To determine the effectiveness of rehabilitation program that included positioning, range of motion (ROM) exercise, pumping exercise, breathing exercise, strengthening exercise, scar massage, positioning, endurance exercise and gait training to improve burn injury and skin grafting condition.
A case report was reviewed in a A 29-year-old male who got rehabilitation program due to struck by fire caused by a machine that exploded and emitted fire then spreaded to his face, stomach, waist, hands and both legs. He was carried out to emergency room and in unconscious condition. He was done for debridement and a split-thickness skin grafting (STSG) on his hands.
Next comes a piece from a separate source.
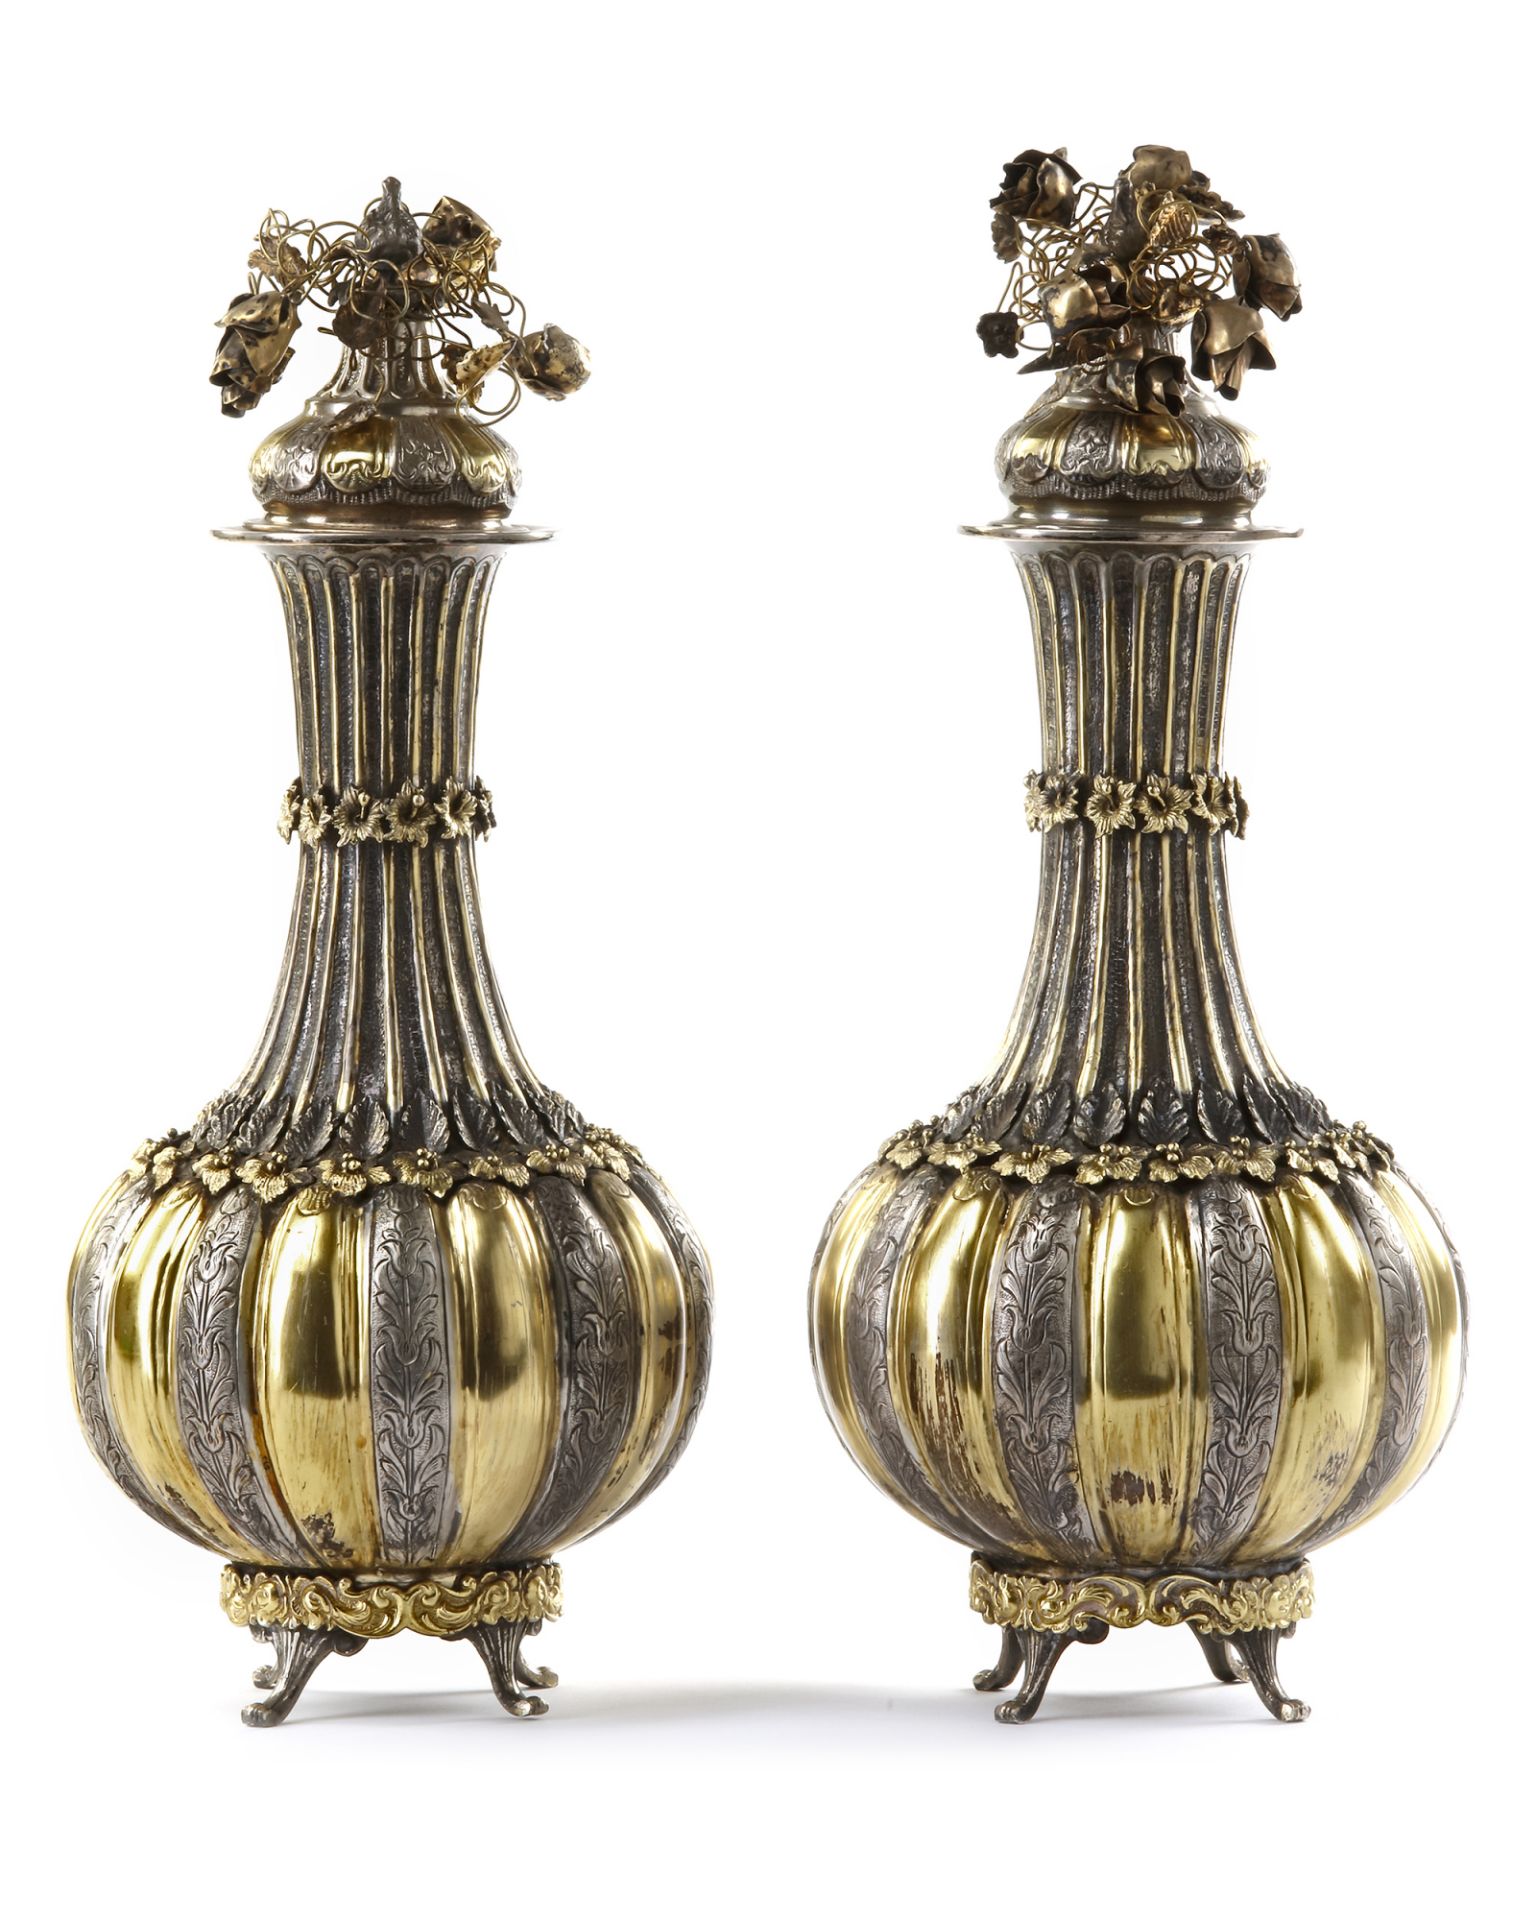 A PAIR OF GILT SILVER VASES WITH COVERS, TURKEY, 19TH CENTURY - Image 4 of 10

After undergoing physical therapy management for one month, the results showed a significant increase in the ROM on wrist, hip, knee and ankle, reduce movement pain (4/10 to 3/10), Vancouver score especially for vascularization (2 to 1), lower limb functional index (9/10 to 8/10), functional Rated Wrist Evaluation (pain;23/50 to 4/50), (functional subscale; 46/50 to a27/50). Conversely, the value of swollen, muscle strength, skin integrity, functional by bartel index did not improve. Conclusions: Physical therapy rehabilitation in burn injury and post skin grafting can increase ROM, pain, vascularization, upper and lower functional abilities.
Physiotherapy rehabilitation in burn injury and post skin grafting can increase ROM, pain, vascularization, upper and lower functional abilities.
Physiotherapy rehabilitation is needed in patient with burn injury and after skin reconstruction to improve the condition of patient and better functional activities.